Islamabad: Years after her own daughter became a global advocate for women’s education, Tor Pekai Yousafzai, the mother of Malala Yousafzai, has finally learnt to read and write, and to speak a bit of English.

“She wants to learn. She wants to get an education. She goes to school five days a week. She does her homework,” Malala Yousafzai, the 17-year old campaigner for girls’ education who was shot by the Taliban, said of her mother in an interview Tuesday about the release of the young readers’ edition of her book, I Am Malala.

Even as Yousafzai became an advocate for educating girls, her own mother remained illiterate, although her father, Ziauddin Yousafzai, ran a girls’ school in Pakistan.

But recently, her mother has been learning to read and write — and her husband has been helping more with domestic tasks, a new step even for a family that has devoted itself to expanding women’s opportunities in Pakistan and worldwide.

“My mother is now learning English, becoming independent, goes to see the doctor on her own, goes to the shops and markets on her own,” Yousafzai said. “On the other hand, my father is now going toward the kitchen. He makes eggs. He cannot really do a lot of cooking, but he brings plates to the table, brings cups, puts jam and butter in those things. So he is getting better.

“These things are very important for us, because in many countries, people think the kitchen is just a woman’s job,” she added, “and the man’s job is to go outside, earn money, and he’s going to control the family.
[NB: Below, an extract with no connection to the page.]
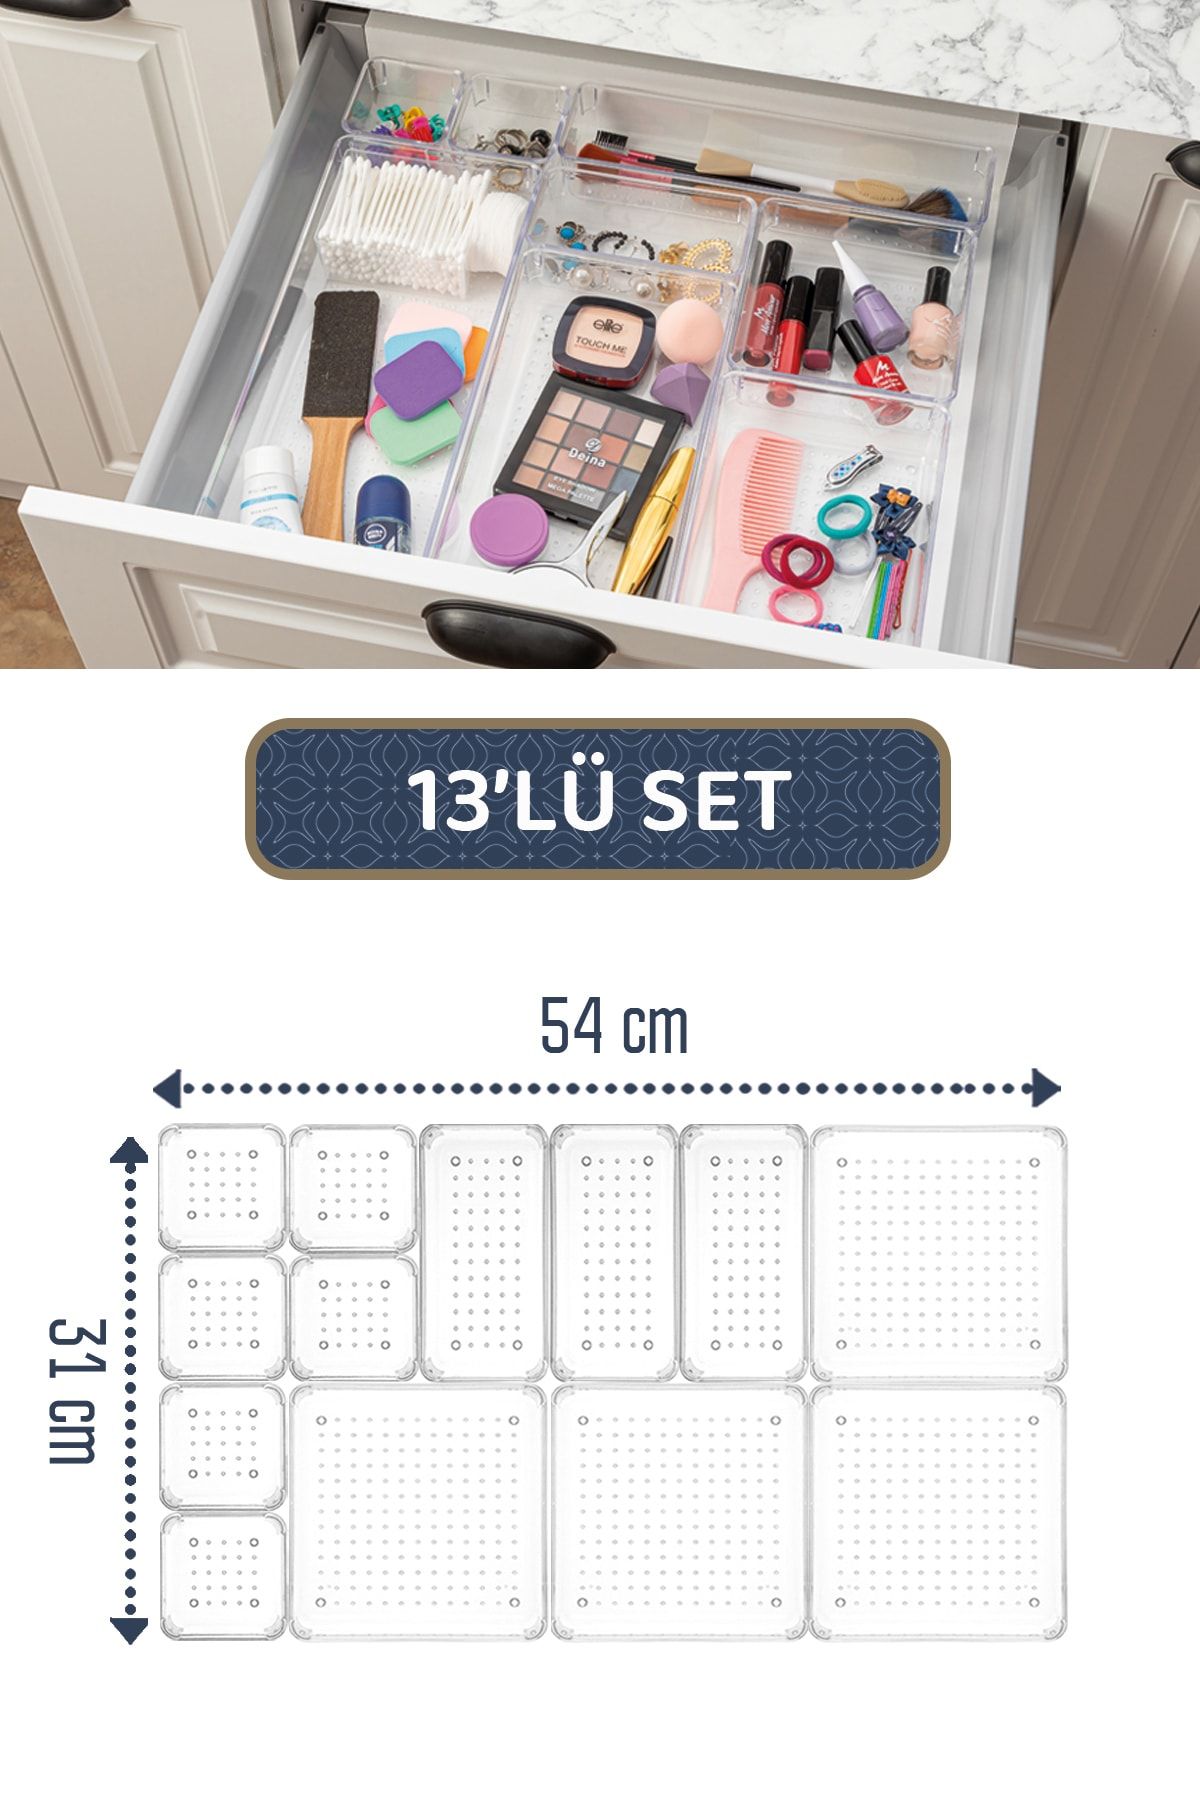 Meleni Home 13'lü Takı Kozmetik Düzenleyici - Modüler Makyaj Çekmece İçi Düzenleyici - Mutfak Banyo Organizer

So our family shows an example to the world of how things change with the help of awareness.”

Yousafzai invited her mother, who has generally shied from the spotlight even as her daughter has become a global celebrity, to address the audience. Her mother rose, adjusted her veil to make sure it was covering her head, described her new language skills and how they had changed her life, and said a few words in English.